この世界は人族の区域は決まっていて、他の種族が侵略してくるという話は聞いたことがない。
「ミリス、戦争チームって何するの?聖騎士とは違う?」
「一応聖騎士だけど…聖騎士の中でも神殿勤務の聖騎士と戦争区域勤務の聖騎士に分かれていているの。ちなみに選ばれた人たちの中で聖力の低い順に戦地に送るメンバーとして選ばれるから、実際戦争チームになってしまうとほとんどの人は死ぬから、嫌がられる所属だよ。」
「そうなんだ。でも誰も神殿に攻めてきたことなんてないじゃん?一体誰と戦うわけ?魔族とか?」
「えっ?基礎知識の授業で全部習ったはずなんだけど…忘れた?まぁ、聖女見習いは学ぶ量が少ないのかしら?戦うのは同族だよ。」
「人間同士?何で?」
「今の神殿のあり方を変えると戦っている反乱勢力がいるんだけど、まぁ~ほとんど聖力を持っていないか神殿に入れないほどの少ない力を持っている人々の集まりだから街まですら攻めて来たことない。」
「だったら何で戦争チームの聖騎士はほとんど死ぬの?」
「そこまでは私も知らないから、今度聖騎士の誰かに聞いてみたら?」
「分かった。」
もしかしたらリュートとリューラのどちらかが戦争チームになってしまったのかな?
後で手紙を書いて夜会ってみるか。
ミリスが持ってきたお昼のジャガイモスープと硬いパンを食べようと起き上がるエリカの腕を掴んで支えてくれた。
「そういえば、聖女見習いの聖力再検査日がそろそろ決まるころね。力によっては聖女見習いの中でも戦争チームに選ばれることもあるから心配だよ…」
「えん?そうなの?」
「聖女見習いになって1年後にするけど、戦争チームにいる聖女さんが問題なければ、選ばれることなんてないけど…今年は戦争チームの人員が多めに選抜されたというからね。

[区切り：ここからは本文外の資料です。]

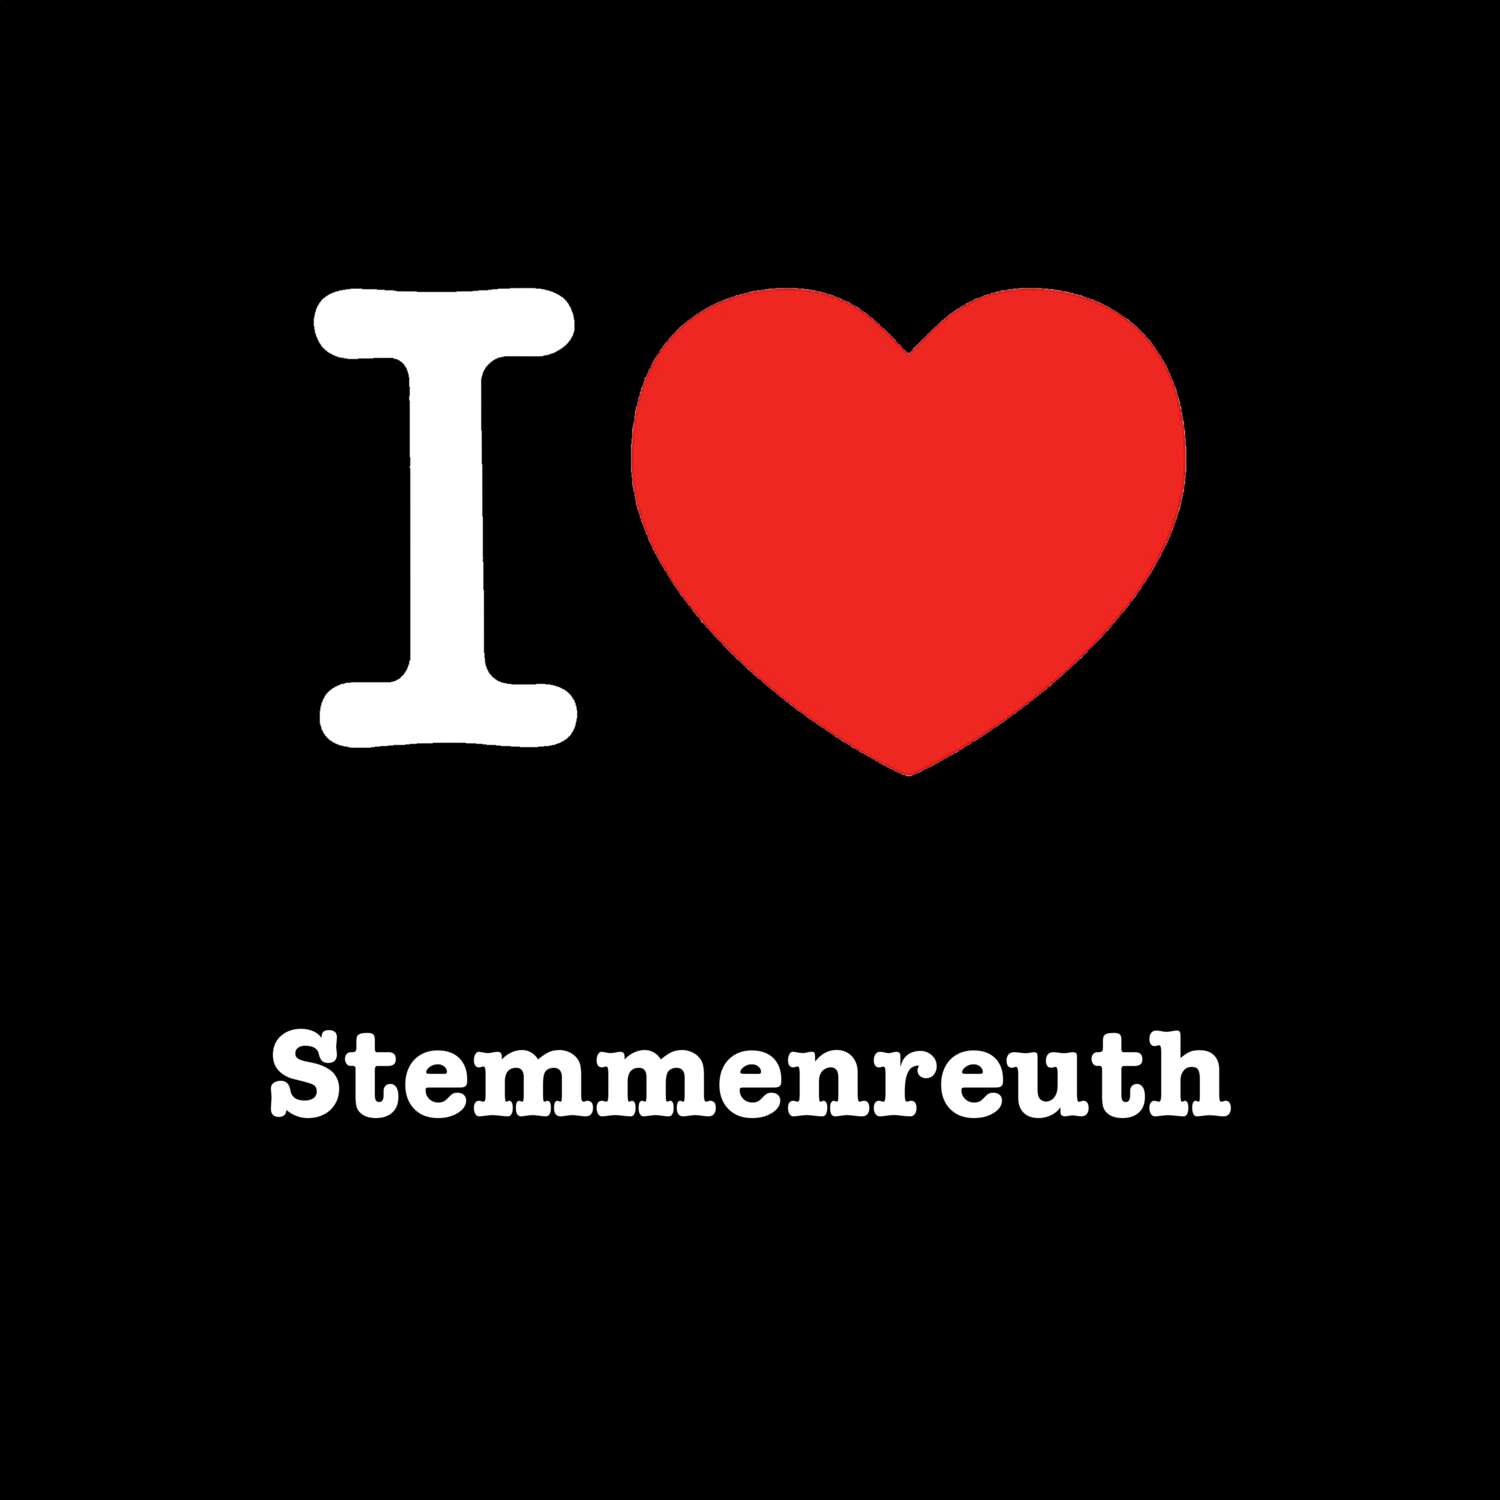 Stemmenreuth T-Shirt »I love«

エリカ、本当に基礎知識の授業聞いてなかったでしょ?駄目だよ~今度復習でもしようか?」
「それは…ちょっと…ミリスがからいいの~いいの~」
「え?駄目だよ。勉強は大事だよ?」
「は…い…。」
口を尖らせるエリカの肩を軽くタッチして、ミリスは出て行った。
「後で片付けに来るから、食べ終わったら休むなり、図書室なりしてね。」
未だにミリスの言葉には逆らえない。シクシク…
1年くらい食べてもやはりこの食事も美味しくない。シクシク…
軽く気分がダウンしたエリカだったが、さっさと食べ終わらせ、リュートとリューラに手紙を書いて、チビカに配達を頼んだ。
***
夜になってチビカをベッドにおき、エリカは静かに窓を開いた。
ふっふっふ~
今日の監視役はルーベルさん。ルイさんみたいに部屋にすっと入ってきたりしないから、絶対バレない。部屋にはチビカがいるから、気配は感じられる。真面目なルーベルさんを騙すのは簡単だよ。
『チビカここは任せた!』
『キュッ!』
任された、と返事するかのように短く鳴くチビカを一瞥した。
エリカは全身に保護の聖力をまとって、窓から飛び降りた。
うひっ! 何度やっても怖い。
もう少し下の階なら良かったのに!
忍者のように気配を消し、周りをキョロキョロしながら歩くエリカ。
事前に決めておいた場所は、孤児院の近くの木々や雑草の多いところ。やや大きな岩があるので、それを目印にしている。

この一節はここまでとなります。